Thursday, July 16, 2009

A Good Basting.

I came across the phrase ‘a good basting’ recently in a non-culinary sense. It was in an old story, and referred to a good beating or whalloping – a right royal punch-up, in fact, or a good-old bastinado, perhaps. The very same day I tidied up my disgracefully messy sewing room (a displacement activity akin to sharpening one’s pencils), and the remembered that ‘basting’ is also a needlework phrase for joining something up with long, temporary stitches. ‘Basting’ is also, of course, something you do to roasting meat while it is cooking.
Naturally, three such different uses of the word intrigued me, so off to the authorities I went. To put it briefly, the various dictionaries hazard lots of guesses, but dare not get definitive. In dictionary-speak therefore, the origin of the various uses of the word is ‘obscure’ or even ‘unknown’. I did find one attempt to connect the meanings of beating and meat-basting. It is in A New Dictionary of the English Language (1844), by Charles Richardson. The author quotes a source called ‘Sk’, who ‘believed is baste – to strike; because formerly it was the custom to rub the meat with a stick covered with fat; though now the liquid is dropped upon the meat from a distance’.

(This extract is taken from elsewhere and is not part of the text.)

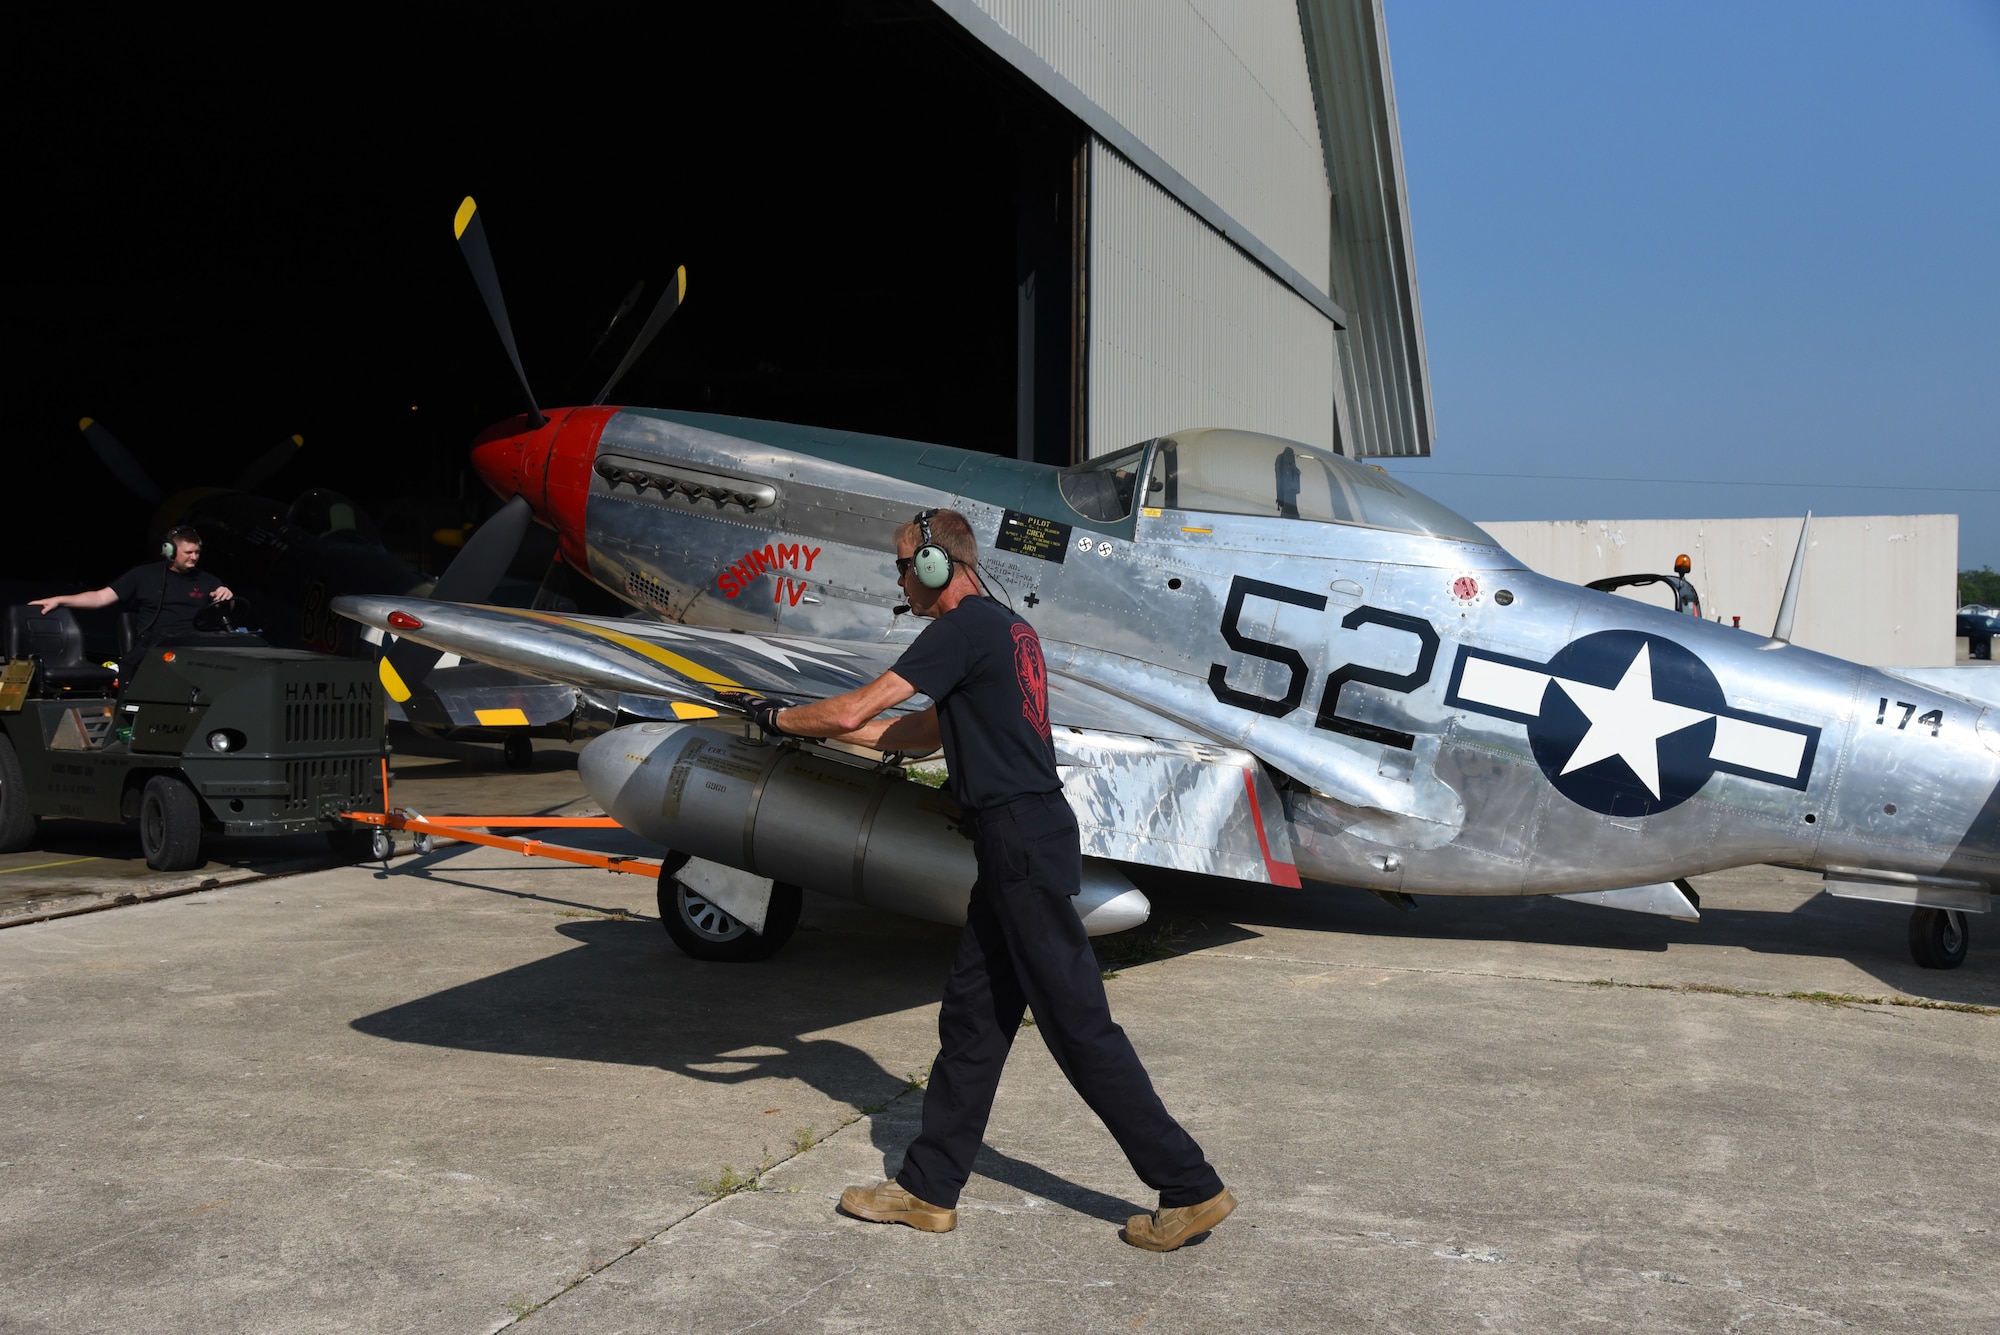 Museum restoration crews move the North American P-51D Mustang back into the WWII Gallery at the National Museum of the U.S. Air Force on Aug. 14, 2018. Several WWII era aircraft were temporarily placed throughout the museum to provide adequate space for the Memphis Belle exhibit opening events. (U.S. Air Force photo by Ken LaRock)
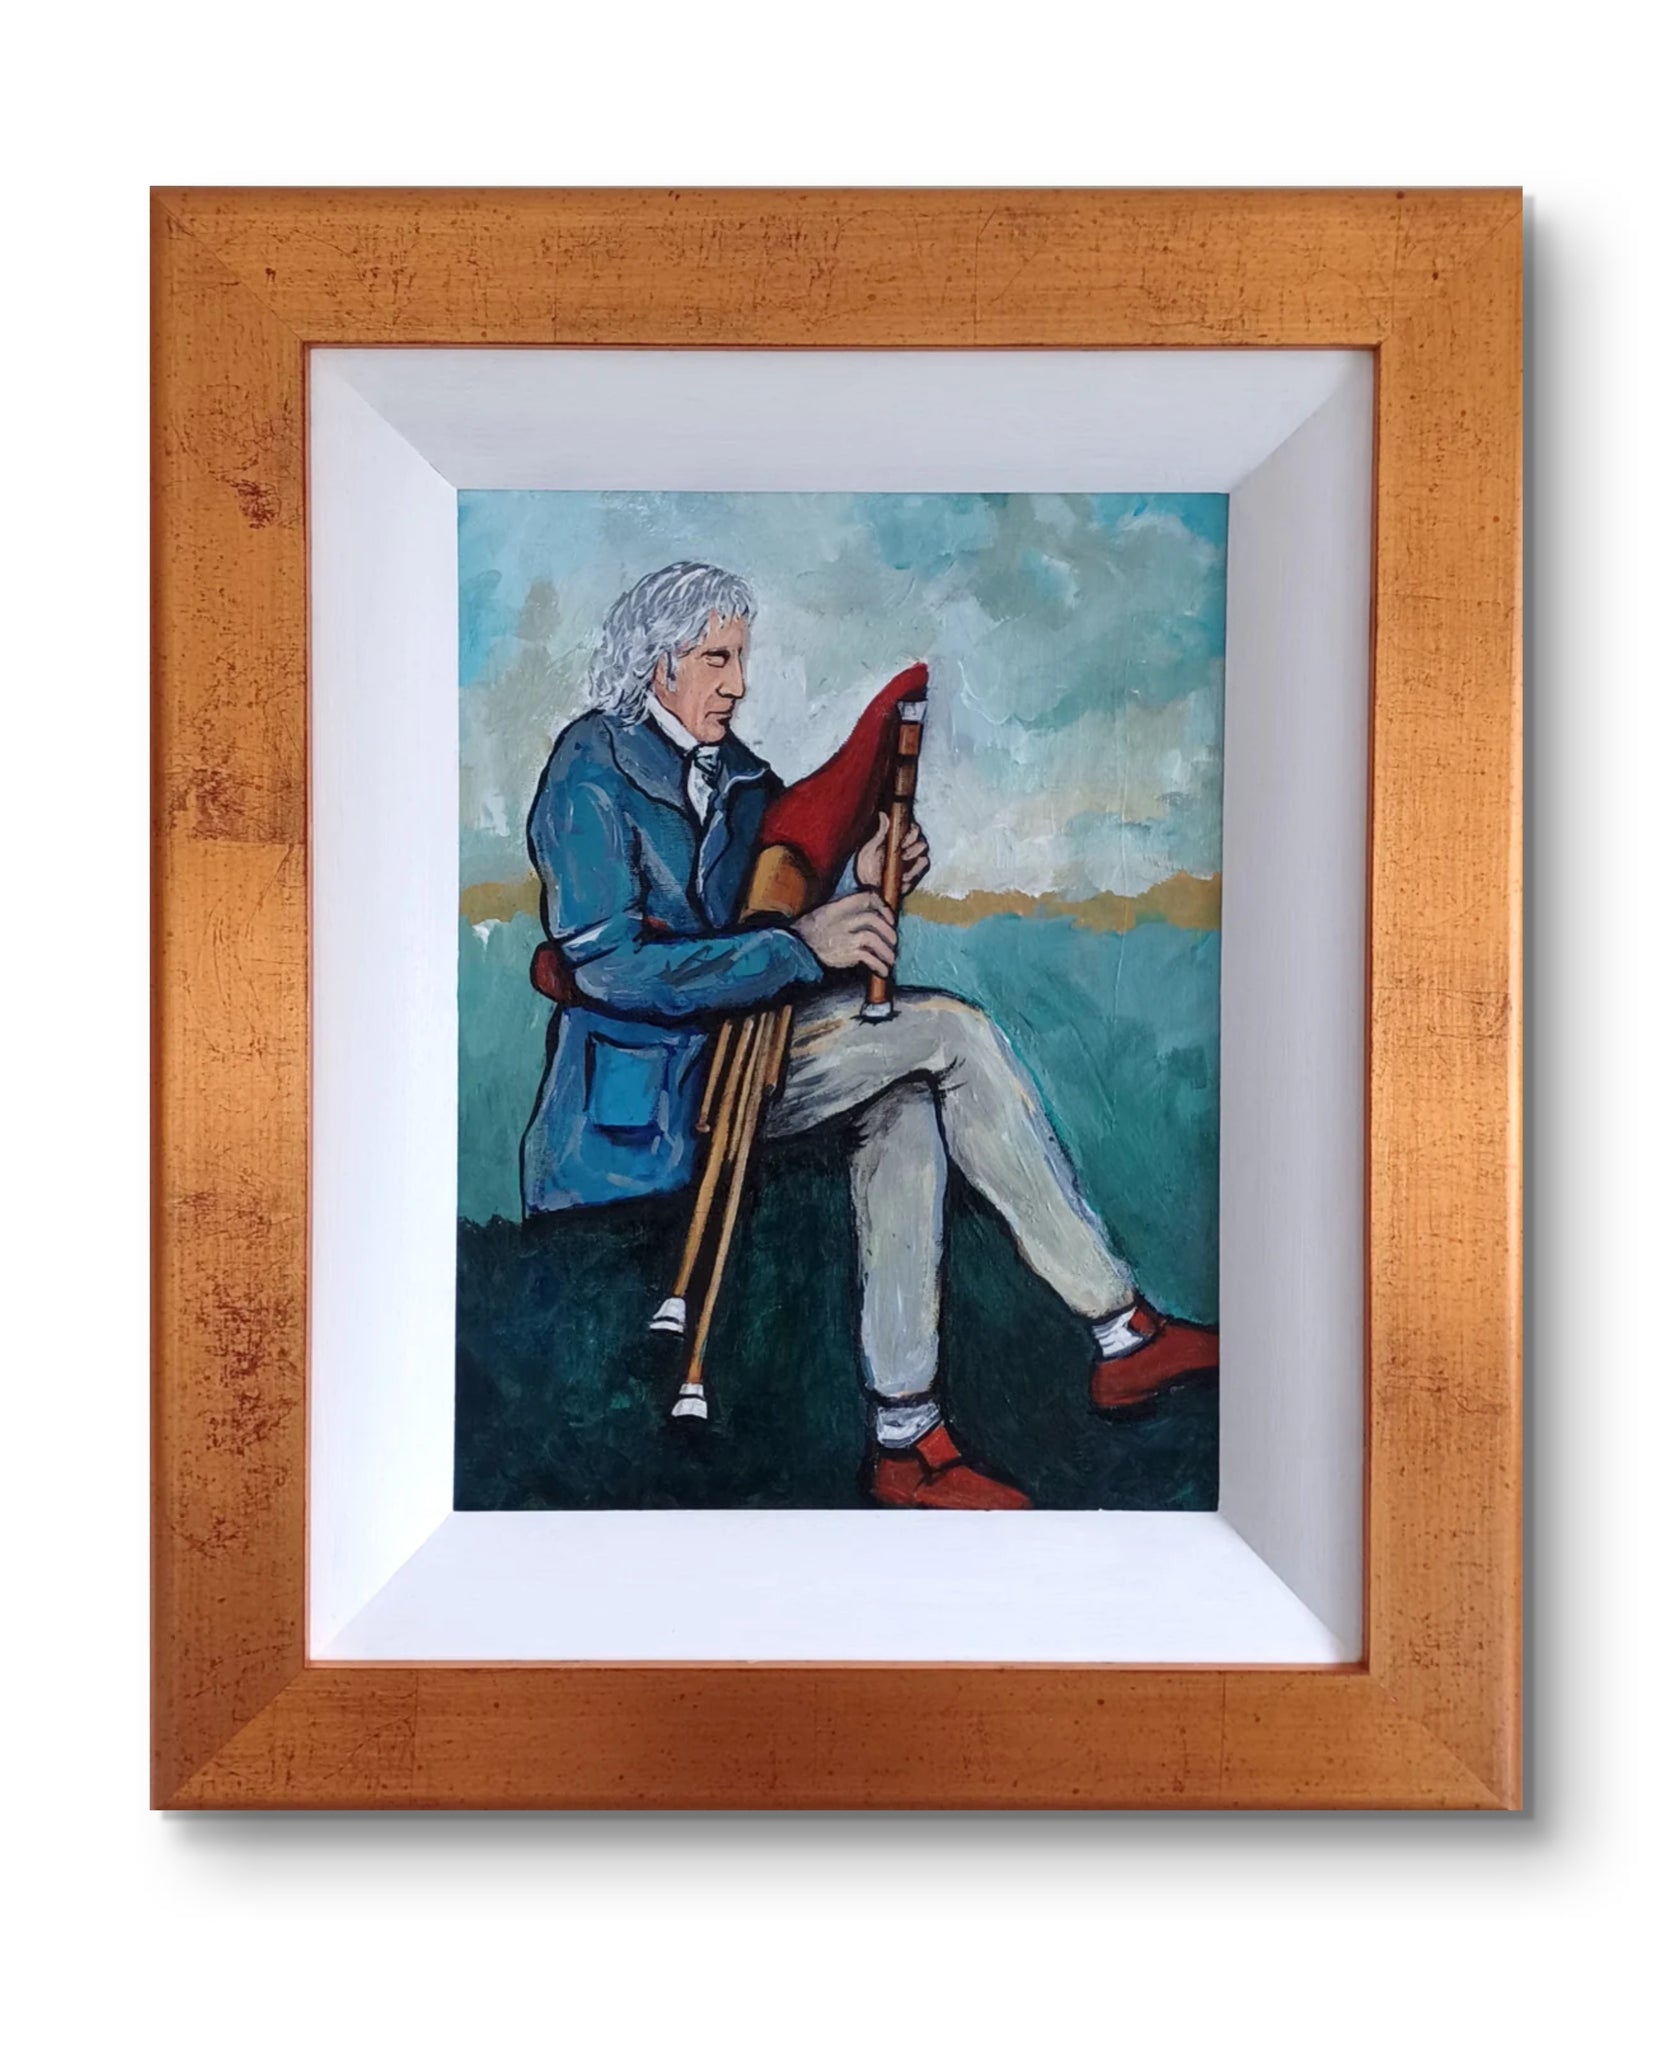 Captivating painting of blind Irish Uilleann piper Pádraig Ó Briain by artist Ó Maoláin, framed in gold with a white scoop inlay. Painting size: 40cm x 30cm, frame size: 60cm x 50cm, depth: 3.5cm. Comes ready to hang with included fittings.

The idea, of course, is to keep the meat moist, and to add flavour. So, what to use to do this? One of my favourite books, William Salmon’s Household Companion (1695)- which is written in dictionary format – has, under the heading ‘Bastings of Meats or Fowls’, the following suggestions:

(1) Clarified Suet (2) Fresh Butter (3) Minced Sweet-herbs, Butter and Claret-wine; and this last is excellent for Mutton or Lamb (4) Water and Salt (5) and especially for a Flayed Pig, Cream and melted Butter well beaten up together (6) Yolks of Eggs, Juice of Oranges, and grated Bisket: And if this be intended for large Fowl, as Bustards, Peacocks, or Turkeys, you may use the same.

There is no doubt about it - the obscure origin of the word indicates that the use (in the culinary sense) is very old – much older than Salmon’s time. The earliest OED reference is from 1509 ‘The fat pygge is baast, the lene cony is brent.’ The second is from the famous cookbook called Epulario (or, The Italian Banquet), the English edition of 1598, which instructs, in a recipe for roasted kid ‘Let it rost sokingly, basting it oft with the foresaid sauce.’

I love that loving phrase ‘to rost sokingly’, so I hereby give you the actual recipe (and a spare, with a LOT of garlic) from Epulario. You could subsitute lamb, if you like.

To rost a Kid with Garlike.
Take the kid and larde it with Garlike very well, and stuff it full of cornes of Garlike well pilled, then take Verjuice, the yolkes of two Eggs, and two cornes of Garlike well beaten in a morter, with a little Pepper, and some fat broth, mire them all together, and set it under the kid while it rosteth, and bast it therewith, and when it is rosted, put it in a dish with that sauce: the kid would be well rosted, and eaten hote.


To rost a Kid otherwise without Garlike.
Take the kid and larde it well, then take the Liver and lights and beat them well togeher with suet, that done, take seven or eight Egges sodden [boiled], and beat them with Parsely, Mint, and a little Sage, and mingle them together, putting thereto Pepper, Saffron, and a few cloves, wherewith you shall stuffe the Kid, and so lay it to the fire, and let it rost sokingly, basting it often with the aforesaid sauce, without garlike.


Quotation for the Day.

“The human body, when it freezes in eternal silence, is said to be worth about ninety-eight cents. The body of an ordinary south European, if we could devise the means for extracting the garlic from it, would be worth a bushel of gold.”
Angelo Pellegrini, 'The Unprejudiced Palate' (1948)

1 comment:

KT said...

"...now the liquid is dropped upon the meat from a distance." Ha!

And, love the snarky comment from the "unprejudiced palate." (a garlic bigot - very uncool.)